The new Fatah charter maintains a militant tone but emphasizes democratization and omits language in earlier documents that called for Israel\'s destruction.
[additional-authors]
January 28, 2010

The new Fatah charter maintains a militant tone but emphasizes democratization and omits language in earlier documents that called for Israel’s destruction.

The office of the U.S. Director of National Intelligence translated the document that emerged from Fatah’s council in Bethlehem last summer, and Secrecy News, a project of the Federation of American Scientists watchdog group, obtained a copy and published it Wednesday.

U.S. Jewish groups, spurred by the Zionist Organization of America, have long called for Fatah, the party of the more moderate leadership of the Palestinian Authority, to renounce the negationist language of earlier charters. The calls have been repeated in a number of congressional resolutions in recent years.

Such language is absent from the new charter, although it maintains a militant tone in its preamble,which says, “You must know that our enemy is strong and the battle is ferocious and long.”
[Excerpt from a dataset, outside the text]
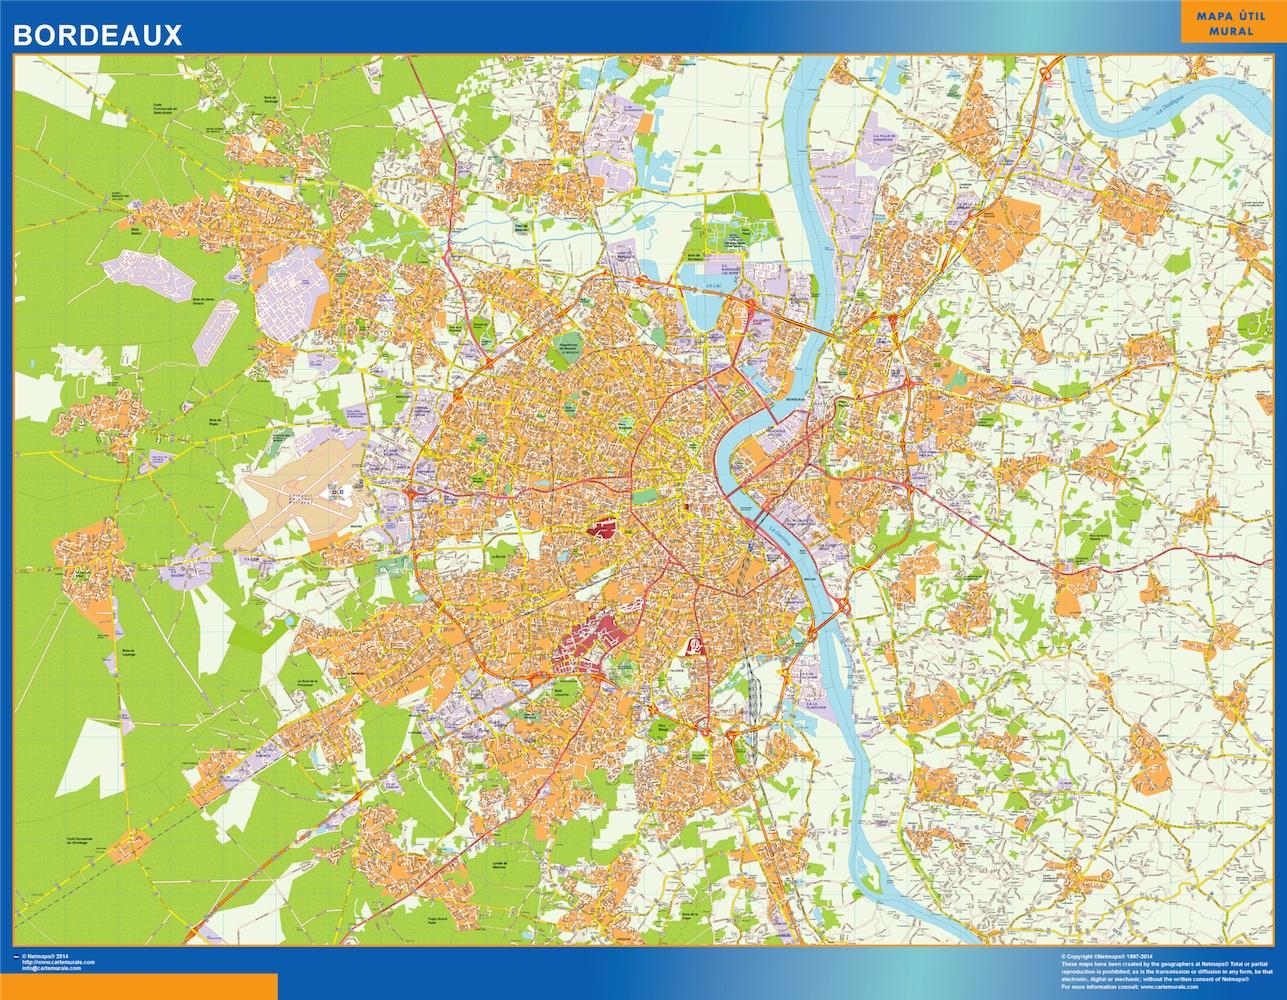 Bordeaux On Map Of France.Bordeaux Wall Map

There is no renunciation of the earlier language, and the preamble says the new charter “has been adopted within the framework of adherence to the provisions” of the 1989 charter.
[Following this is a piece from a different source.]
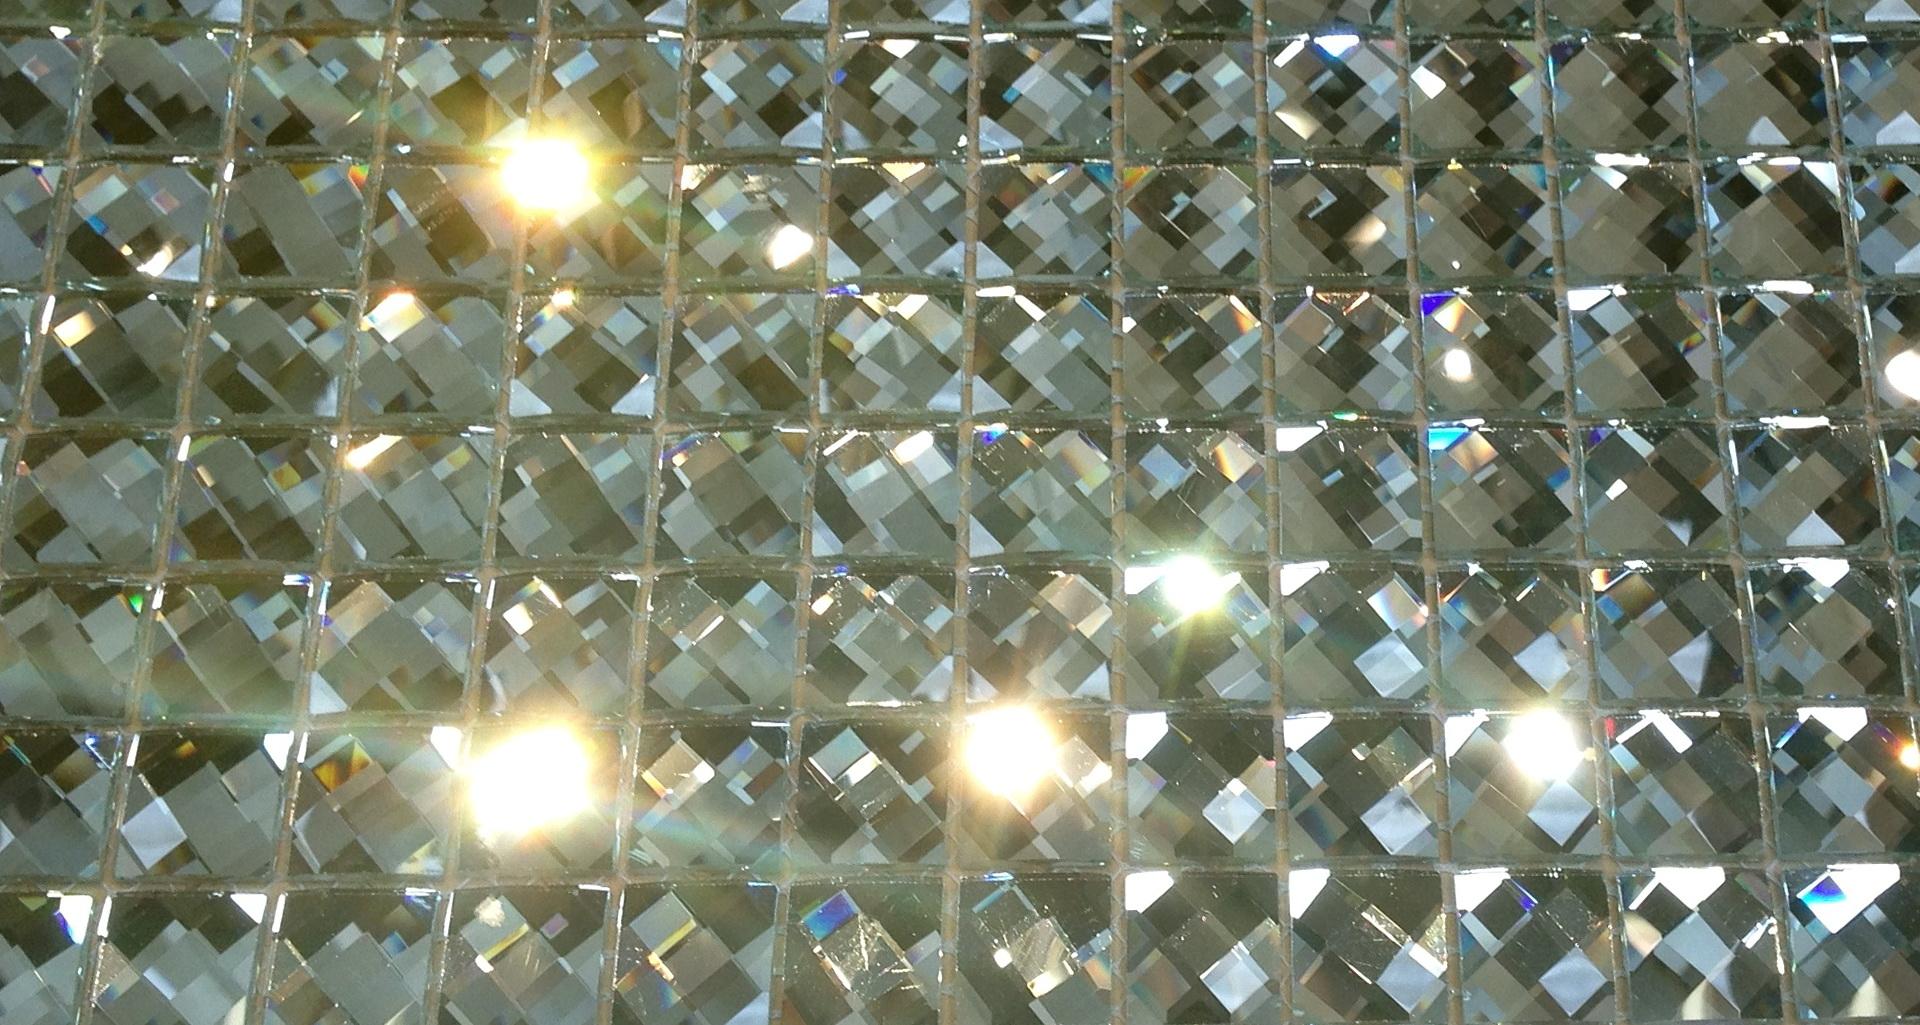 Mirror Mosaic Tiles On Mesh

Nonetheless, missing entirely from the charter is the reported language of the 1966 version that called for Israel’s destruction and in the 1989 version that implied Israel’s replacement, albeit through peaceful means.

Otherwise, the bulk of the charter focuses on democratizing the movement, a reflection of last summer’s political struggle between the young guard and the more established leadership. Whereas the Central Committee for years had been an ad hoc collection of acolytes of the leadership, 18 of its 23 members must now be elected by the entire membership.